Figure 4—figure supplement 1
Comparison between Fourier-based topographic maps and pRF-based topographic maps for each younger and each older adult.

Fourier-based topographic maps (left column within each column group) were created with Fourier transformed (FT) data sensitive to frequency and phase. The black arrow indicates stimulation order. pRF-based topographic maps (middle column within each column group) and pRF sizes (right column within each column group) were created using Bayesian pRF modeling. Note that for both topographic maps, the same color scales were chosen for an easy visual comparison (red, purple, blue, green and yellow for D1-D5), even though the analyses pipelines were different. The white-dash line indicates the border between BA 3a and 3b. The color scale for pRF size indicates pRF size for each participant falls within the range between 0.5 to 25 (arbitrary units = au).

Figure 4—figure supplement 2
Correlations between average pRF size and functional and behavioral variables.

Shown are correlations within the group of younger adults and within the group of older adults between average pRF sizes across fingers and the following variables: (A) cortical distances: Euclidean distance and geodesic distance, (B) behavioral measures: time to complete the Purdue Pegboard Test (in s) and time to complete the Grooved Pegboard Test (in s), and correlation between pRF size of D2 and (C) two-point discrimination (2PD) thresholds (given in mm).

Figure 4—figure supplement 3
Dice coefficients at different statistical thresholds in younger and older adults.

Visualization of dice coefficient (mean ± SEM) at different f-thresholds (f > 0.5, f > 1.0, f > 1.5, f > 2.0) within the group of younger and older adults.

Figure 5 with 2 supplements
Lower representational similarity between distant finger representations in older adults.

(A) Between-run representational similarity matrices of finger representations in younger and older adults.

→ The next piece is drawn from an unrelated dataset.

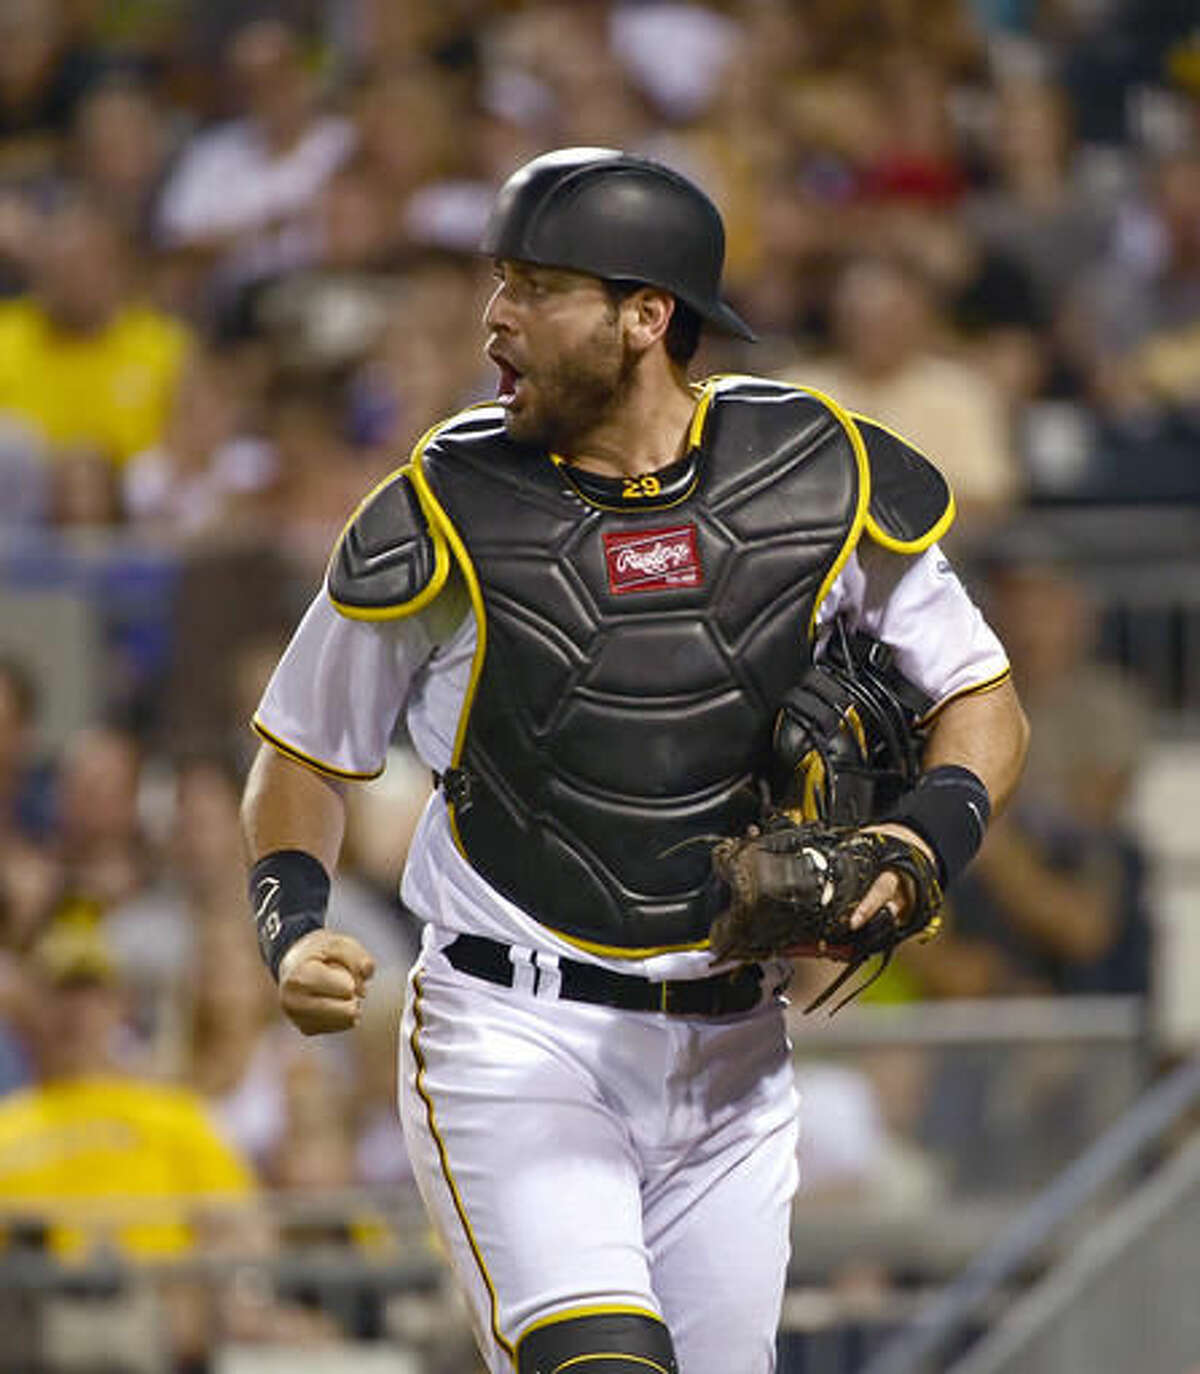 Pittsburgh Pirates catcher Francisco Cervelli clenches his fist after a strikeout in the eighth inning of a baseball game against the Cincinnati Reds in Pittsburgh, Friday, Aug. 5, 2016. (AP Photo/Fred Vuich)

Higher values indicate higher representational similarity in area 3b. (B) Mean representational similarity between same fingers (N0), 1st neighbor fingers (N1), 2nd neighbor fingers (N2), 3rd neighbor fingers (N3), and 4th neighbor fingers (N4) (mean ± SE and individual data). For correlations between N3 representational similarity and individual age, see Figure 5—figure supplement 1. For results after applying multivariate noise normalization to the data, see Figure 5—figure supplement 2. (C) Cross-correlations between finger-specific time series of resting state data. On the x- and y-axes, exemplary finger-specific time series for one younger adult and one older adult are shown. TR = Repetition time, where each TR represents one volume. Note that the diagonal shows autocorrelations between resting state time series. (D) Mean cross-correlation coefficients of resting state data between N1-N4 in younger and older adults (mean ± SE and individual data). Shown are data of n = 19 younger adults and n = 17 older adults (A,B) and data of n = 12 younger adults and n = 12 older adults (C,D).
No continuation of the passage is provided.